Also it was interesting how they used user simulation -- it would however have still been nice to see some results with non simulated users.

1. How is semantic specificity calculated?

2. Are simulated users an effective evaluation method?  (Are they typically representative of real users?)

3. The authors assume that “unintelligible” keywords are less desirable.  However, there might be cases where you would want to search using a keyword that is unintelligible.  For example, if you search by ISBN you are guaranteed to get the exact book (and edition) that you want.

I have a few questions about the training process of the intelligible attributes classifier. First, the training set contains only 67 attributes, which is relatively small, and all the training data are attributes from Microsoft AdventureWorks Cycle Company database.

The attribute in that database may not be representative of how database designers name the attributes. Second, some of the features for attribute classification do not make intuitive sense to me, such as mean ratio of unique to total characters per values.
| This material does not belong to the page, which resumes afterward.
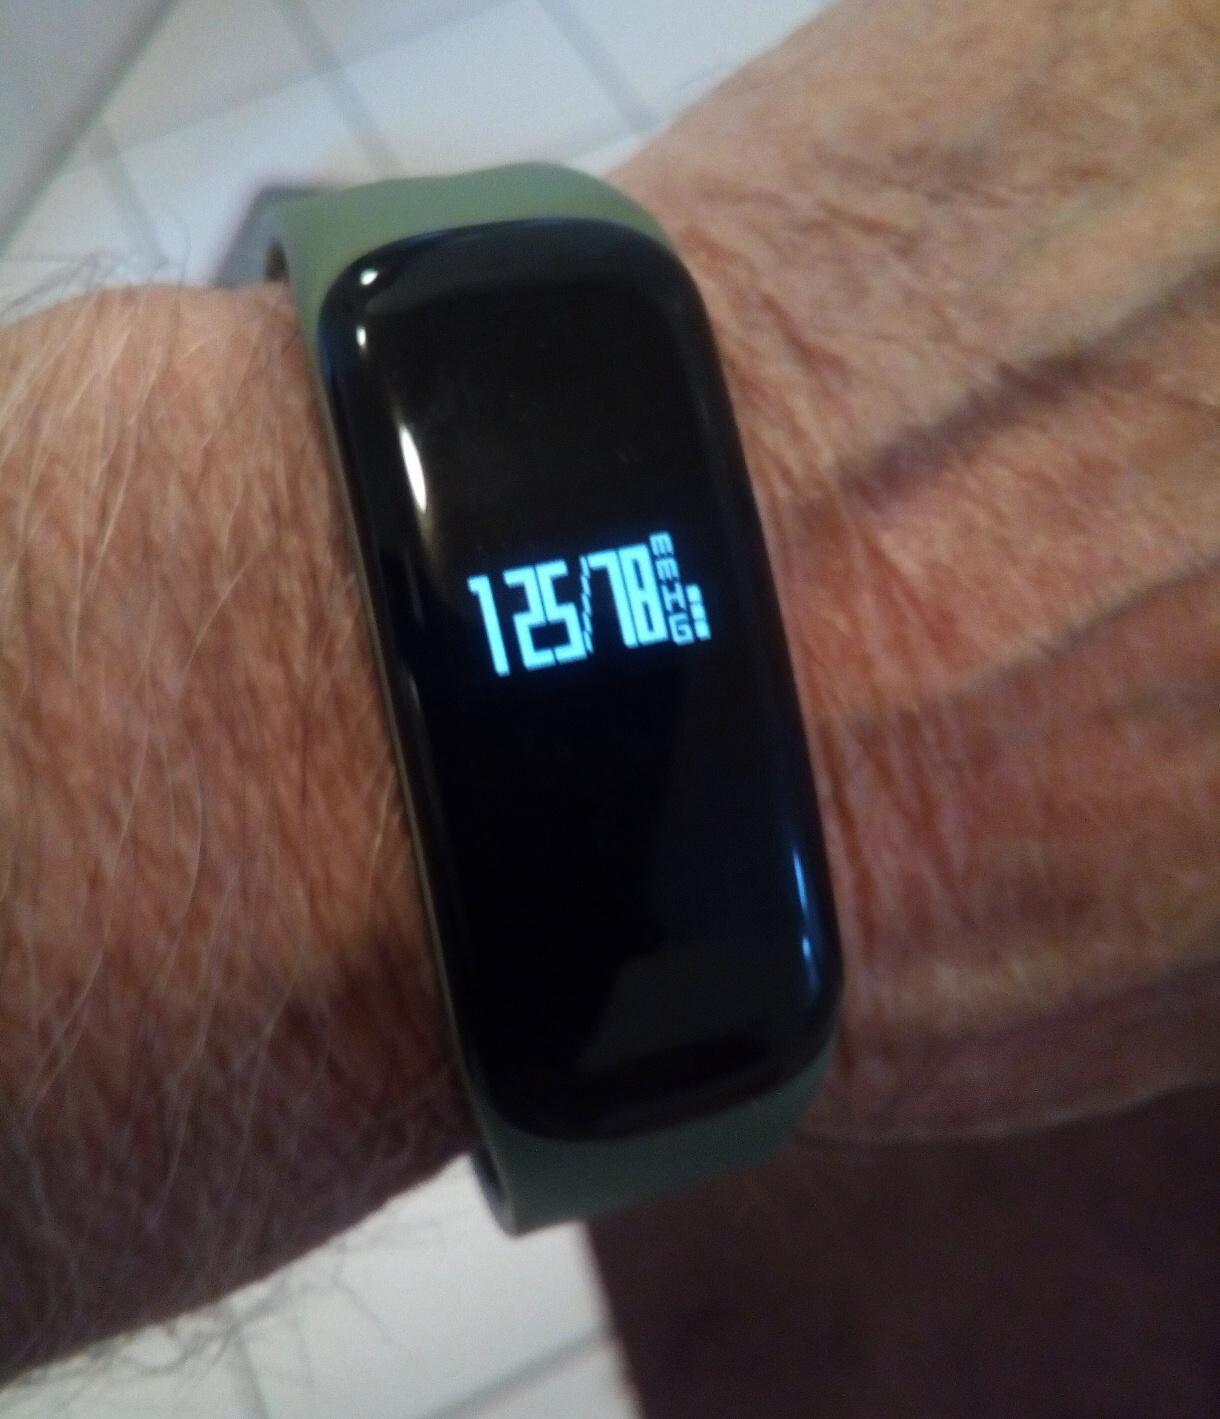 Fitness Armband mit Blutdruckmessung, wie funktioniert das..

If the mean ratio of unique to total characters per values is high, is it mean that the attribute is less intelligible or more intelligible?

They estimate the probabilities for attribute value knowledge by calculating the frequency of total value occurrences in a subset of the English Gigaword corpus. Is it a standard way to estimate human knowledge? I expect the probability for the Place Published to be higher than TITLE, because TITLE may contain words that do not co­occur in one article. However, the probability of TITLE is significantly higher.

In table 4, it is interesting to see that regardless of the number of the tables in each database and the different domains of the database, the shortest dialogue lengths for each database are all 9.0 without any deviation from their means.

**What does this mean ­ “For each candidate focus, ODDMER instantiates a focus agent that prompts users for values of intelligible attributes, ordered by efficiency” ­ Is the user ranking the different important attributes/data extracted from the DB?